По мере роста ребенка - по мере того, как рвутся первичные связи,- у

него развивается стремление к свободе и независимости.

Прежде всего, ребенок становится сильнее и физически, и эмоционально, и

интеллектуально; активность и энергия развиваются в каждой из этих сфер. В

то же время эти сферы все больше интегрируются; развивается определенная

структура, руководимая волей и разумом индивида. Если мы назовем эту

структуру - совокупность черт характера, стремлений, разума и воли индивида

- личностью, то можно сказать, что первым аспектом растущей индивидуальности

является развитие личности.

Другой аспект процесса индивидуализации - растущее одиночество.

Первичные узы обеспечивают фундаментальное единство с окружающим миром и

ощущение безопасности. По мере того как ребенок обособляется от этого мира,

он начинает осознавать свое одиночество, свою отдельность от других.

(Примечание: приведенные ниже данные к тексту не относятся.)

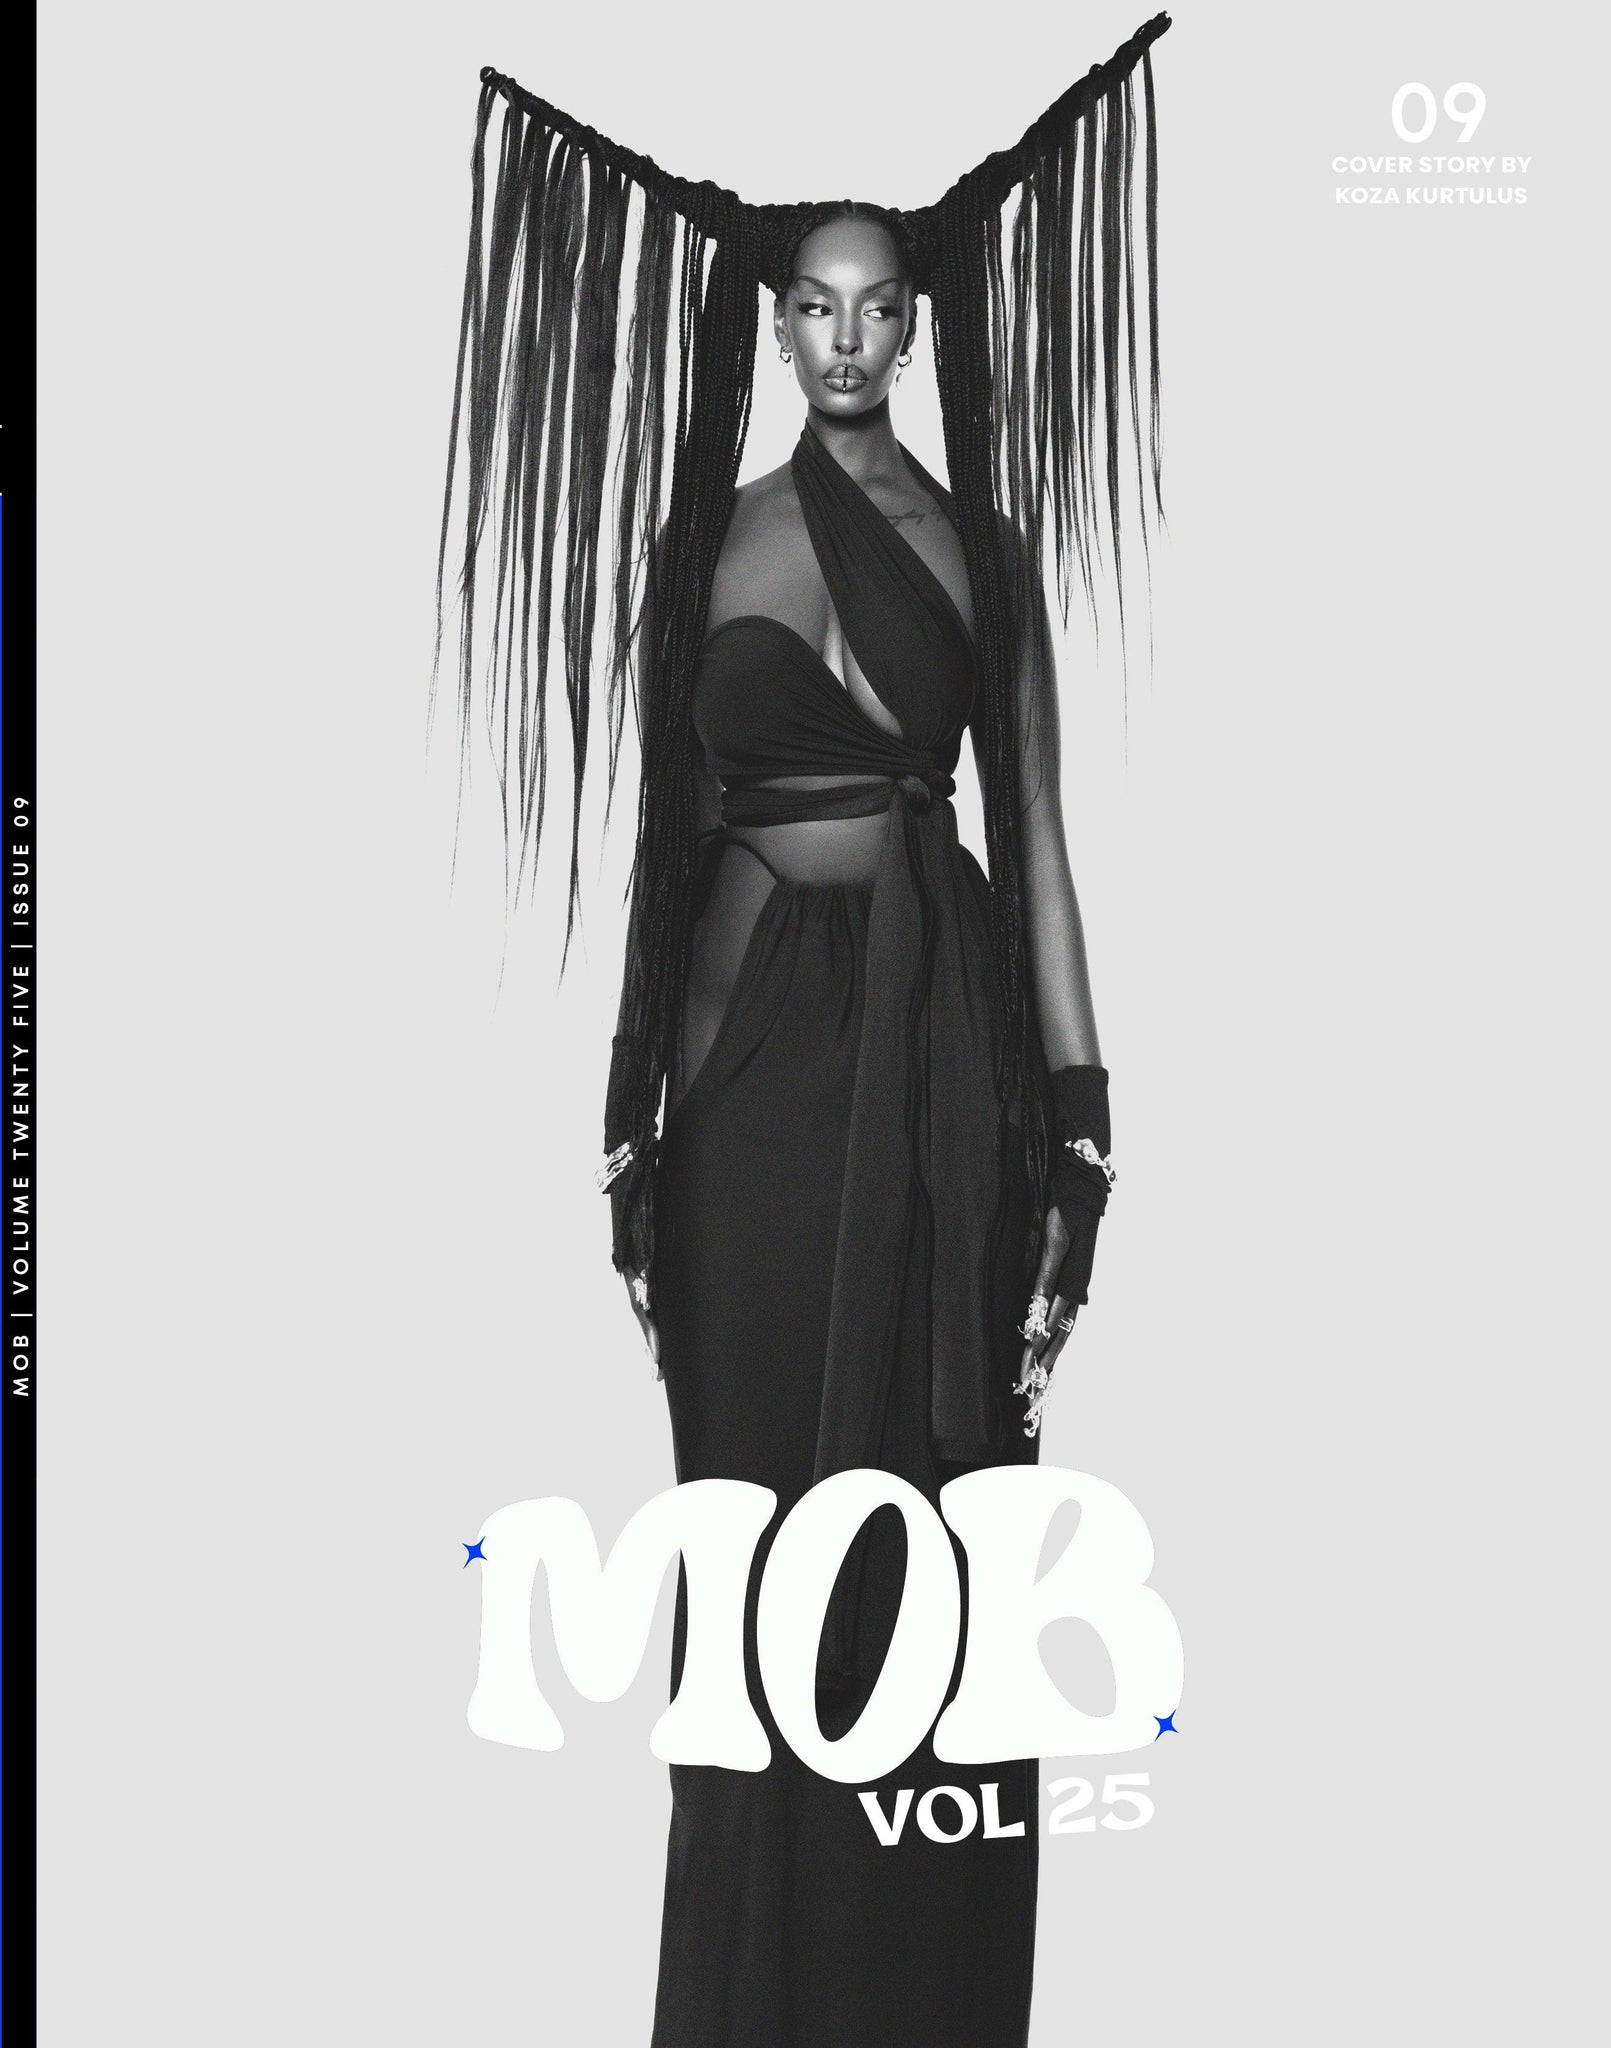 MOB JOURNAL | VOLUME TWENTY FIVE | ISSUE #09 - Mob Journal

Возникает стремление отказаться от своей индивидуальности, побороть

чувство одиночества и беспомощности, а для этого - слиться с окружающим

миром, раствориться в нем. Однако новые узы, возникающие из этого

стремления, не идентичны первичным связям, которые были оборваны в процессе

роста. Ребенок не может физически вернуться в материнское лоно; точно так же

невозможно повернуть вспять и психический процесс индивидуализации. Попытки

такого возврата неминуемо принимают характер подчинения, при котором,

однако, никогда не исчезают противоречия между властью и ребенком,

подчиняющимся этой власти.

Однако подчинение - это не единственный способ избавиться от

одиночества и тревоги. Другой путь - единственно продуктивный, не приводящий

к неразрешимым конфликтам,- это путь спонтанных связей с людьми и природой,

то есть таких связей, которые соединяют человека с миром, не уничтожая его

индивидуальности. Такие связи, наивысшими проявлениями которых являются

любовь и творческий труд, коренятся в полноте и силе целостной личности и

поэтому не ограничивают развитие личности, а способствуют этому развитию до

максимально возможных пределов.

Чем ниже уровень развития животного, тем в большей степени его

приспособление к природе и вся его деятельность определяются механизмами

инстинктивных и рефлекторных действий. Знаменитая сложная организация жизни

некоторых насекомых основана исключительно на инстинктах. Но чем уровень

развития животного выше, тем более гибким является его поведение. И тем

менее всеохватывающей оказывается врожденная адаптация при его появлении на

свет. Эта тенденция достигает вершины у человека. При рождении он самое

беспомощное из всех животных; его приспособление к природе основано главным

образом на процессе обучения, а не на инстинктивной предопределенности.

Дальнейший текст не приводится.